The Reality Check (Pros / Cons — realistic outcomes)
Pros:
- Fast intelligence: 20 minutes gives you inside information that resumes can’t convey.
- Referral leverage: one good informational interview often leads to 1–2 introductions.
- Skill signal: meeting people and asking informed technical questions demonstrates readiness beyond paper credentials (the source lists 180+ potential technical/behavioural questions — showing you can answer these in conversation helps).
Cons:
- Low hit rate: many contacts won’t reply. Expect to need 8–12 outreaches to get 2–3 conversations.
- Not a direct pipeline guarantee: an informational interview is rarely an immediate job; it’s a process that often takes weeks/months.
- Time investment: preparation and follow-up are non-trivial but multiply success.
Realistic conversion expectations (rules of thumb):
- Outreach -> Response: 20–40% (varies by mutual contact strength).
- Informational interview -> referral to hiring manager: 10–30% (if you build rapport and ask for targeted referrals).
- Referral -> interview: ~30–50% (if the referral includes a personal recommendation and you match the role).
Quick checklist before an informational interview
- Research: 2–3 facts about the person/team/firm.
- Prepare your 30-second pitch (practice twice).
- Prepare 6 questions (use the Core questions above).
- Have 1 short example of your technical work or a 60–90 second summary of a project.
- Draft the follow-up thank-you and a one-line intro for potential referrals.
Conclusion — what to do now (exact next steps)
- Choose 10 people to contact this week (mix of alumni, LinkedIn connections, and people at target firms).
- Use the LinkedIn or warm email template above.

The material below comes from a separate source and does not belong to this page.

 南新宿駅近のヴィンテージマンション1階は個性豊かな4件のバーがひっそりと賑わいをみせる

- Book 2–3 informational interviews and follow the script exactly.
- Execute the follow-up plan and ask for one specific referral per helpful contact.

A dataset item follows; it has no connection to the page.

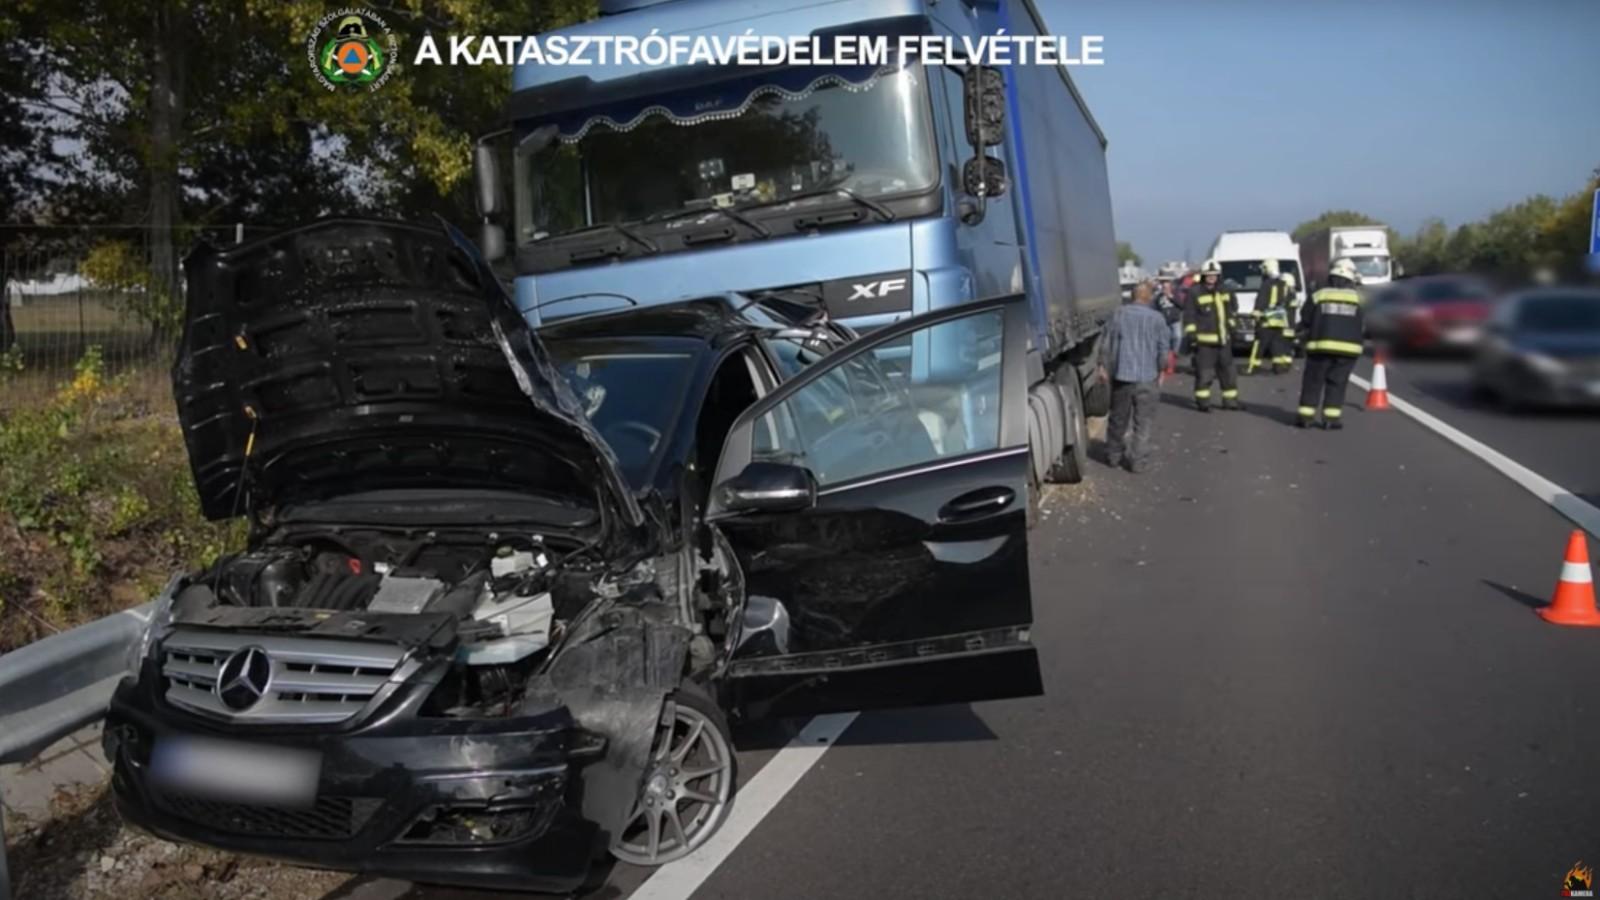 Tömegbaleset az M2-es autóúton: 8 autó és 1 kamion karambolozott

Reminder from the research: prepare for technical and ethics questions — the CFA Level 1 interview resources compile 180+ questions and emphasize mapping theory to practice (use those topics to craft your 1–2 short examples to share in the interview). Consistent execution of this script and the follow-up cadence is what turns polite conversations into real introductions and, ultimately, interviews.
Good luck — treat each meeting as an investment. Track your results, iterate your pitch, and scale outreach from the channels that produce the best responses.